Thank you for sharing more about your journey:-)

Cindy M said...

And I'm thankful every day that God lined it all up so that we would be family, as well...

Angela said...

What a beautiful heartfelt story. I too had those feelings. We are very blessed.

Mom of Triple As said...

So I just had Adam read your post. He read B-O-T, wrinkled up his nose, looked at me and said, "What's that???" Ha! He also wants you to know that he is handsome, not beautiful.

Melissa said...

Kristi - Thanks for sharing this part of your journey. Isn't it amazing how life has led you down different roads and there is always a plan, we just don't always know what it is. I think what makes adoption so special is all of the moments that lead you to such an amazing story!!! Thanks again for sharing....

Lisa said...

Thanks so much for sharing. It's always interesting to learn what leads others to adoption. I really needed the reminder that God's timing is always perfect!

NaiNai Miller said...

Thank you for sharing such an awesome event. I am continually amazed at your profound insight and understanding of people and life. I thought I knew a little about "love" but you and Ian and my grandchildren and your whole extended family have shown me what love really means. I am deeply grateful.

adoptionroad said...

This is a fun piece to learn about you. I love how God brings each of us to a confidence in beginning adoption.
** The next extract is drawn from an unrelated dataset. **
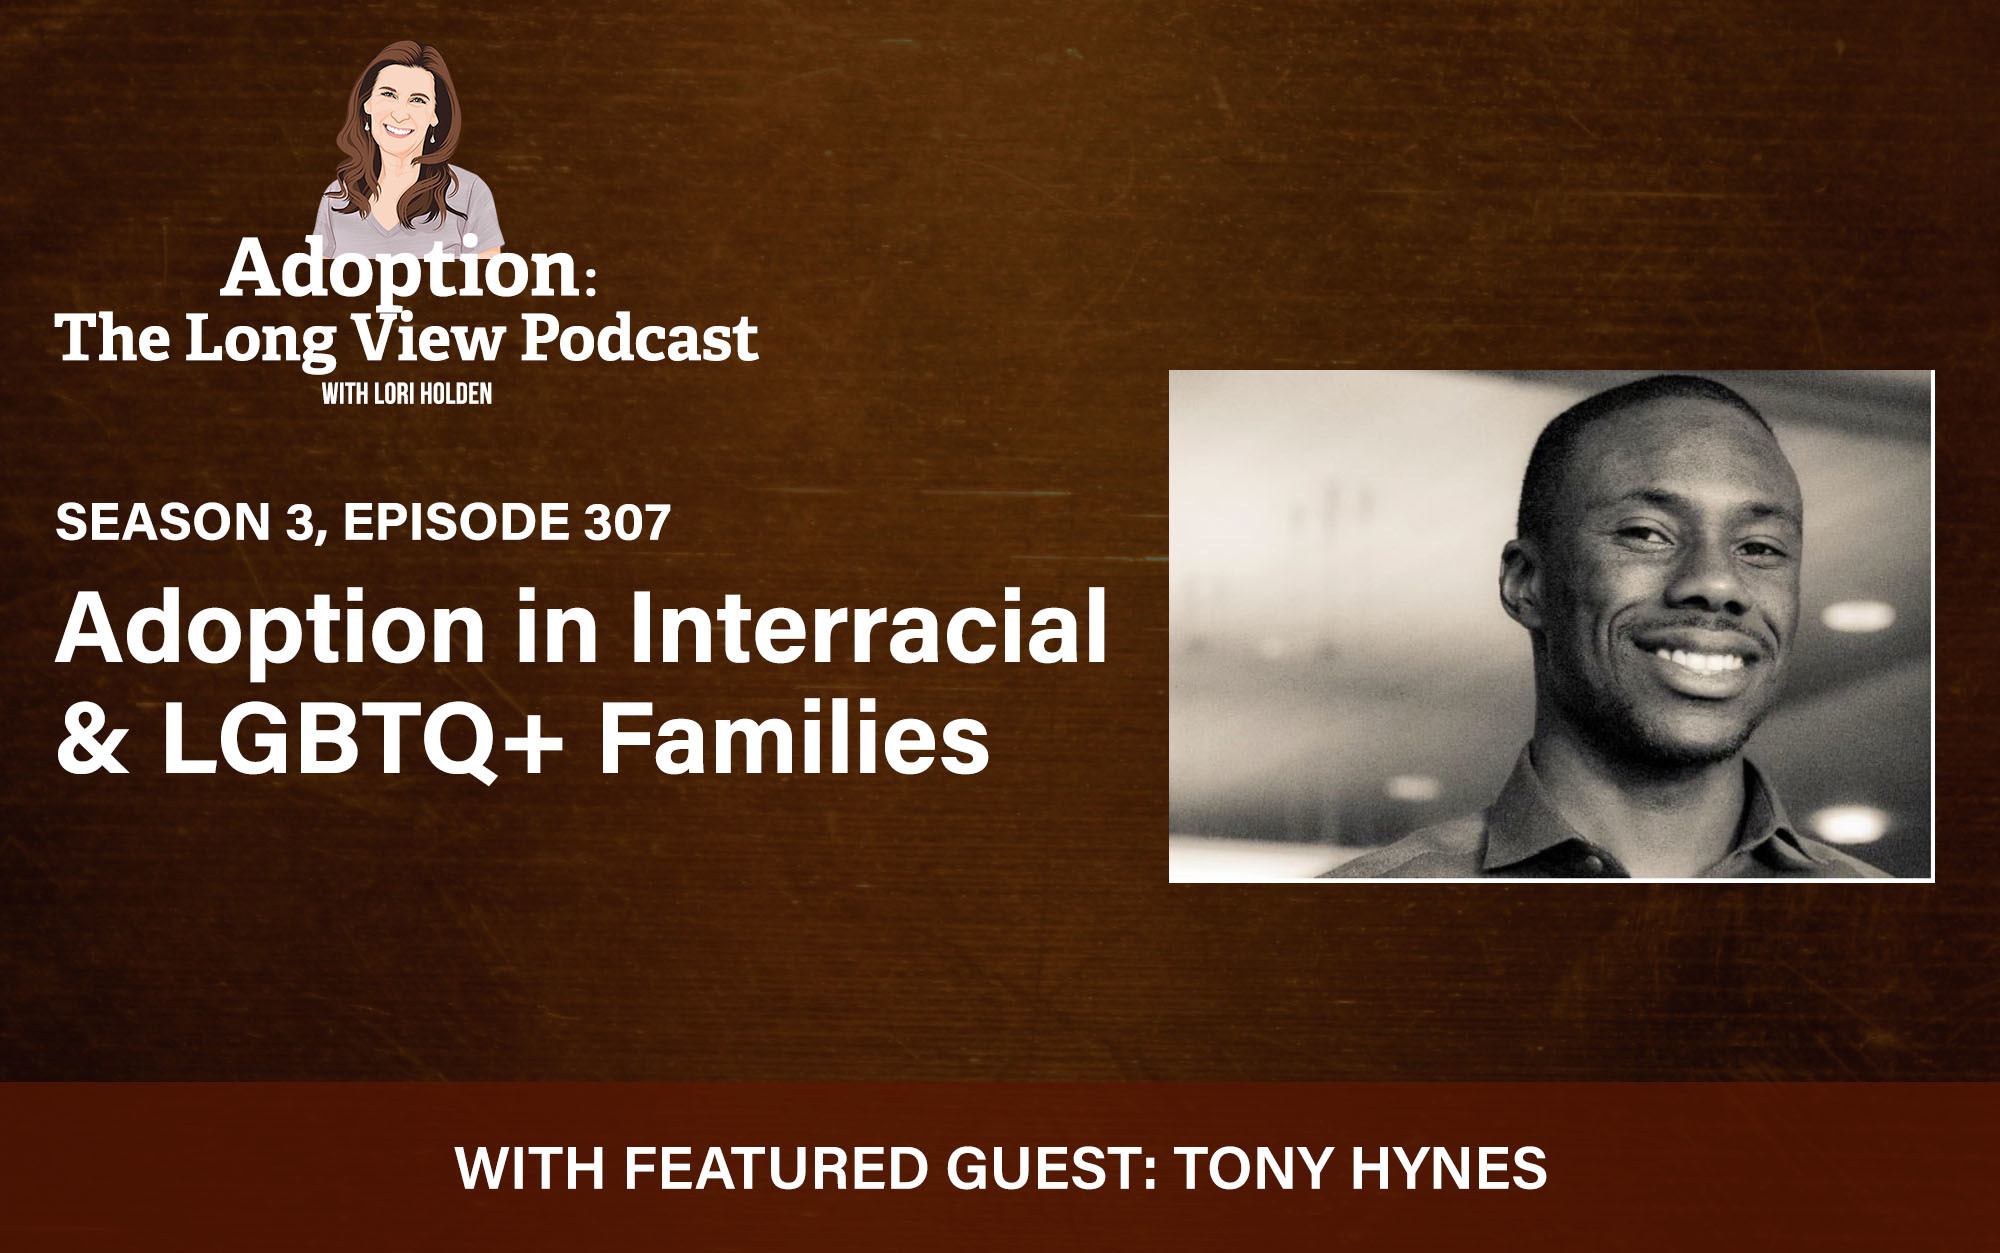 Adoption in interracial and lgbtq families

I'm also curious how to be a "femme de foyer"? Is there one for Lady of the iMac?

Laura said...

Thanks for sharing this part of your story. I feel the same way about my nieces and nephews who I have cared for like they were my own since the day each of them was born. It's not possible for me to love them more even though I did not give birth to them, they are my world. They have taught me so much - about myself and about my ability to be a mother. And my unconditional love for them has always confirmed my desire to be a mom - even if it's just in my heart right now.

This was a lovely post.

Jess and Tim said...

Thank you for sharing!

Our Journey said...

Kristi -- This was such a lovely post. It brought tears to my eyes! Isn't it amazing how God brings us where we are supposed to be!!!

Cronk Family said...

I love this... I hadn't realized I felt the same way, too. Wondering if Sarah would love me...isn't it great that God takes care of everything?!? I miss you!